## TASK INSTRUCTIONS
Copy task, pictures excluded: set down exactly the lines from the one containing "Read online Speed" to the end of the data below.

## RECORDED INFORMATION
+ + +

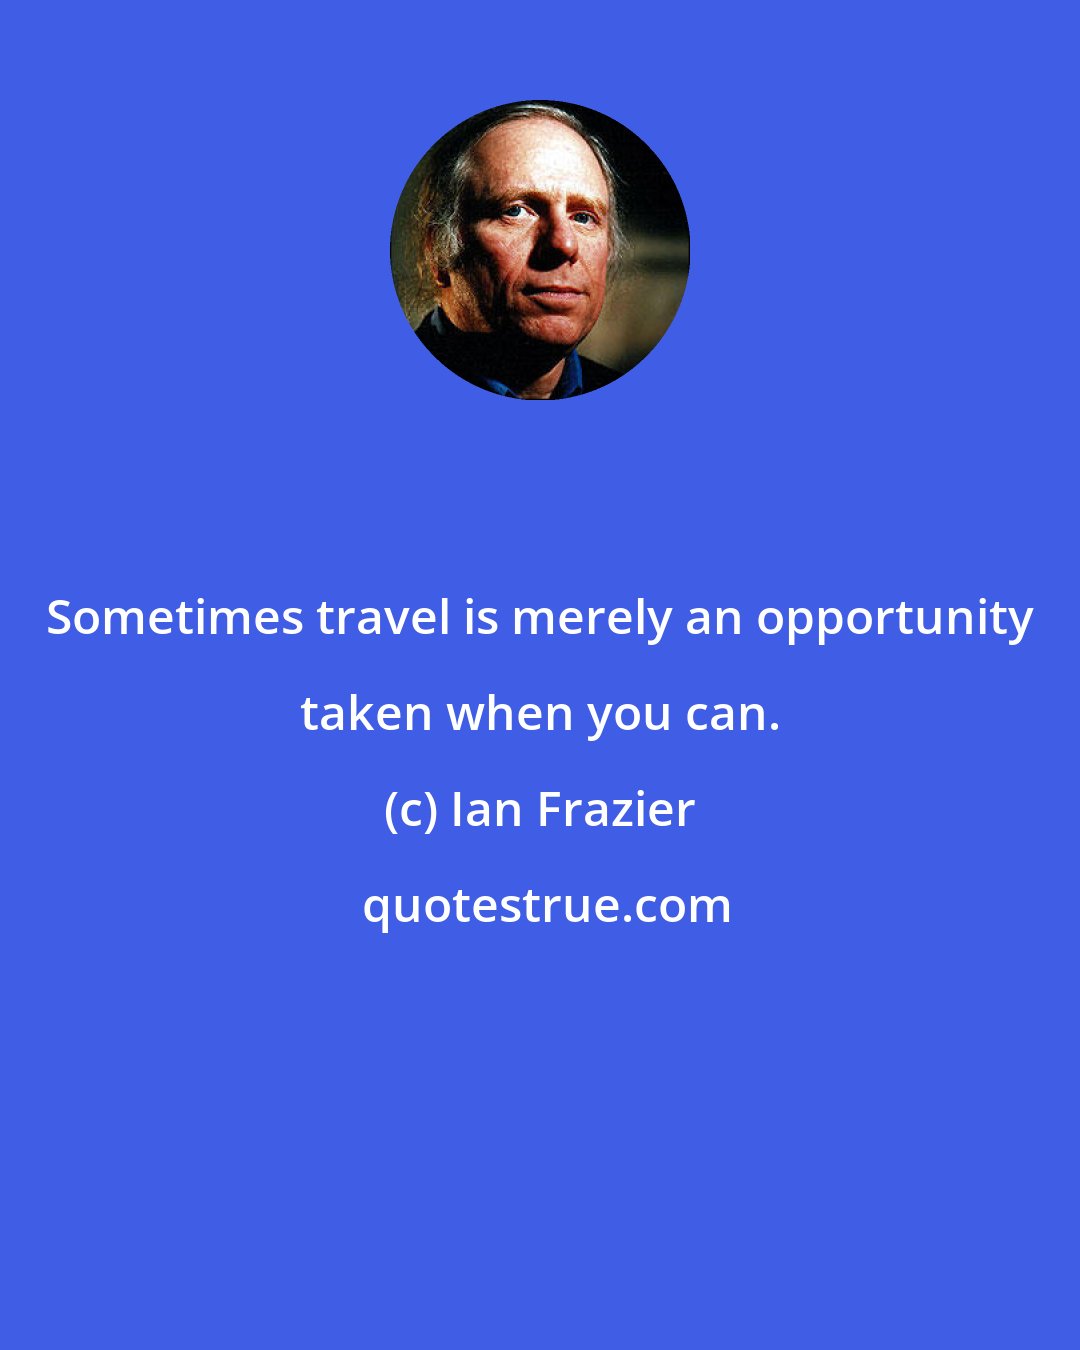 Ian Frazier: Sometimes travel is merely an opportunity taken when you can.
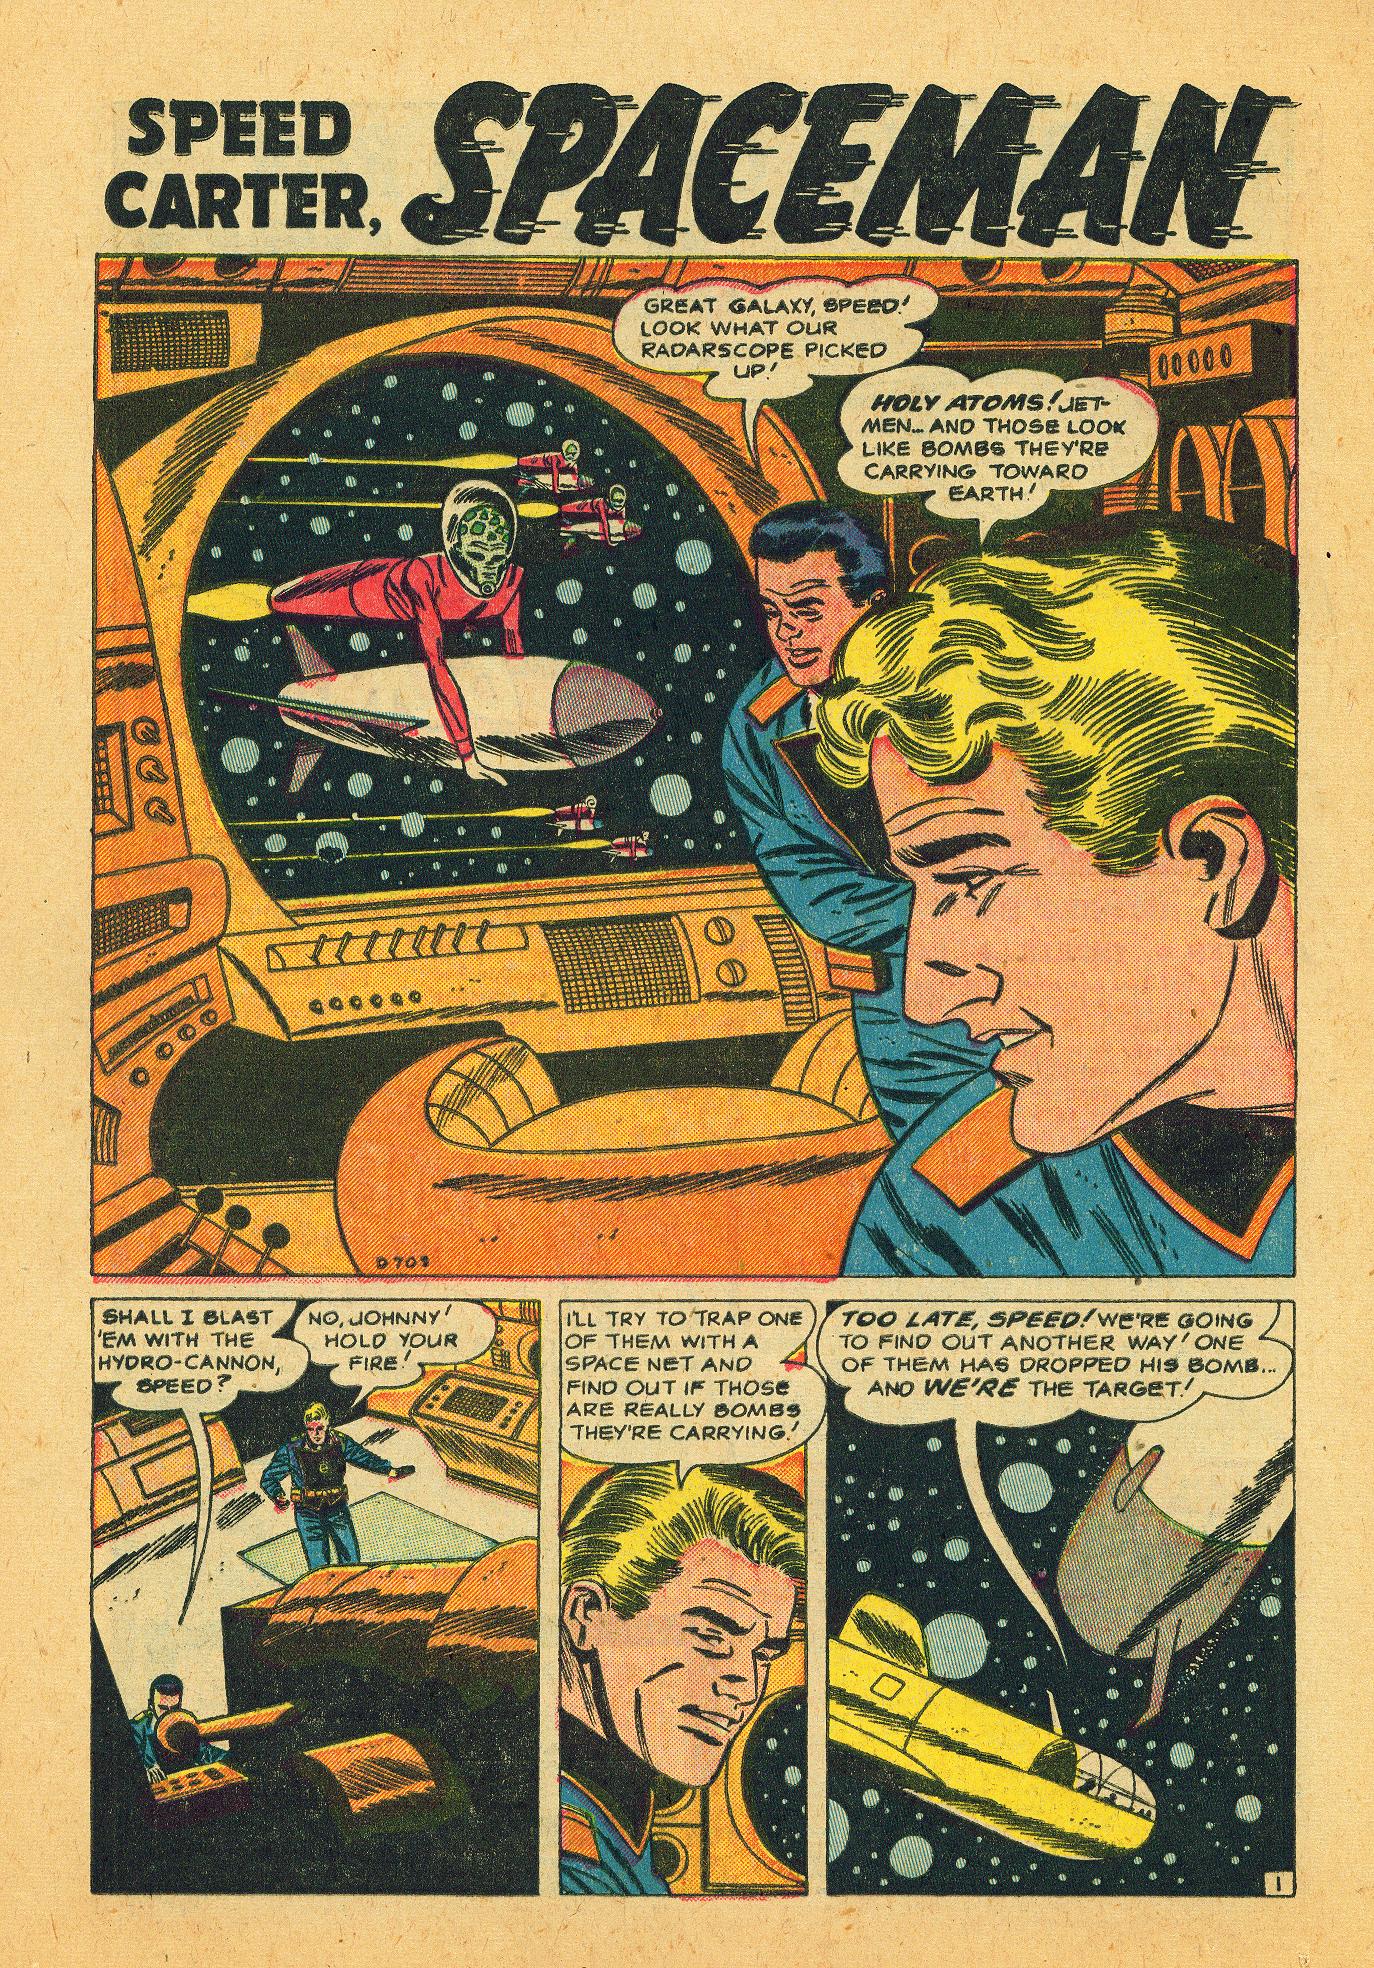 Read online Speed Carter, Spaceman comic -  Issue #4 - 12
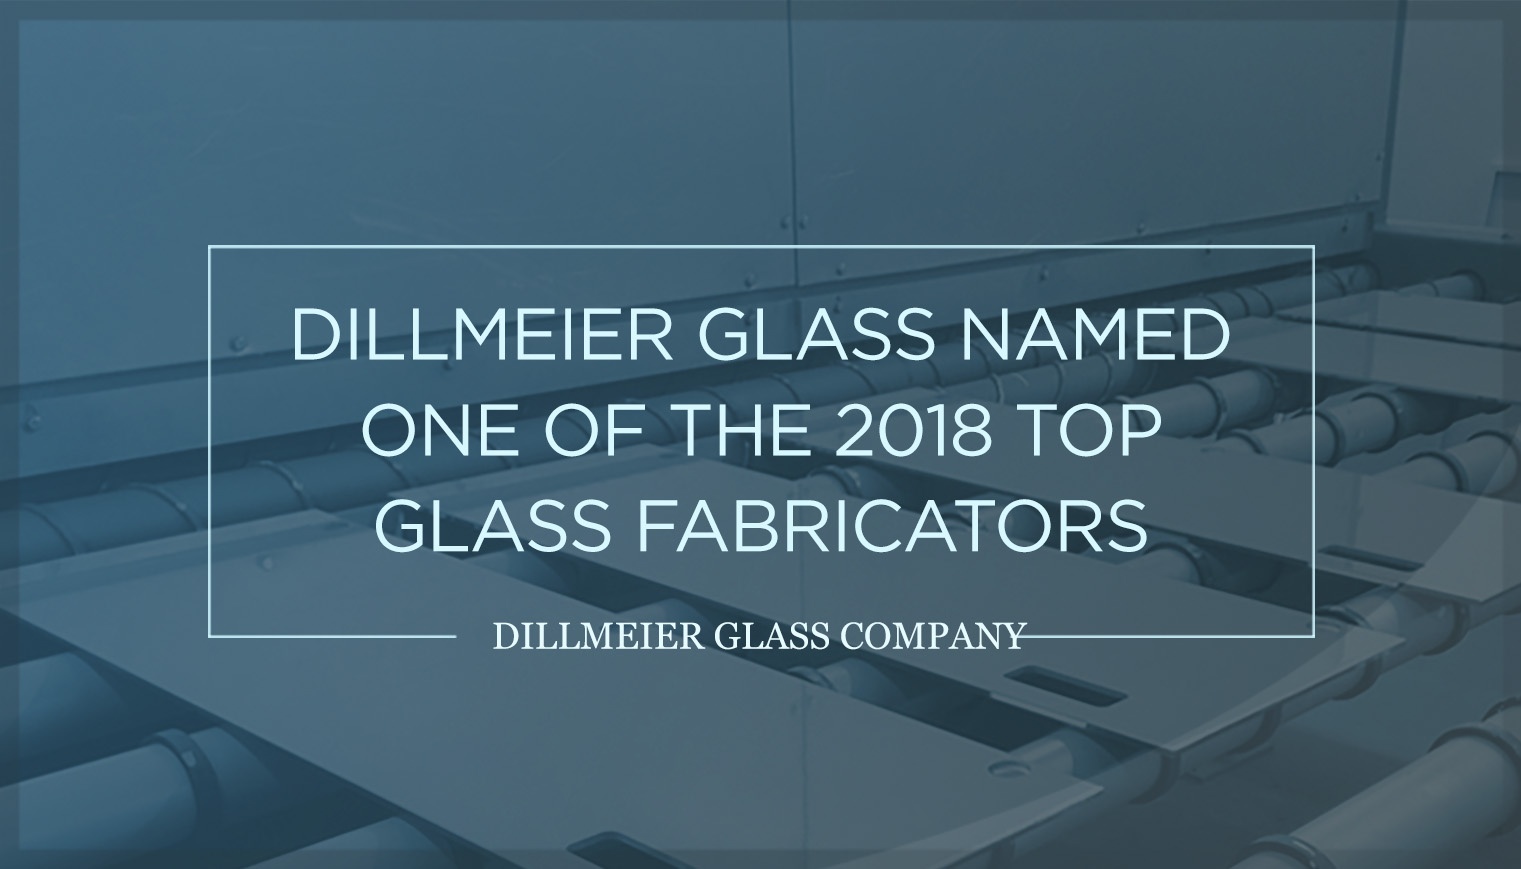 Dillmeier Glass Named One of the 2018 Top Glass Fabricators

+ + +

## SOLUTION
 Read online Speed Carter, Spaceman comic -  Issue #4 - 12
 Dillmeier Glass Named One of the 2018 Top Glass Fabricators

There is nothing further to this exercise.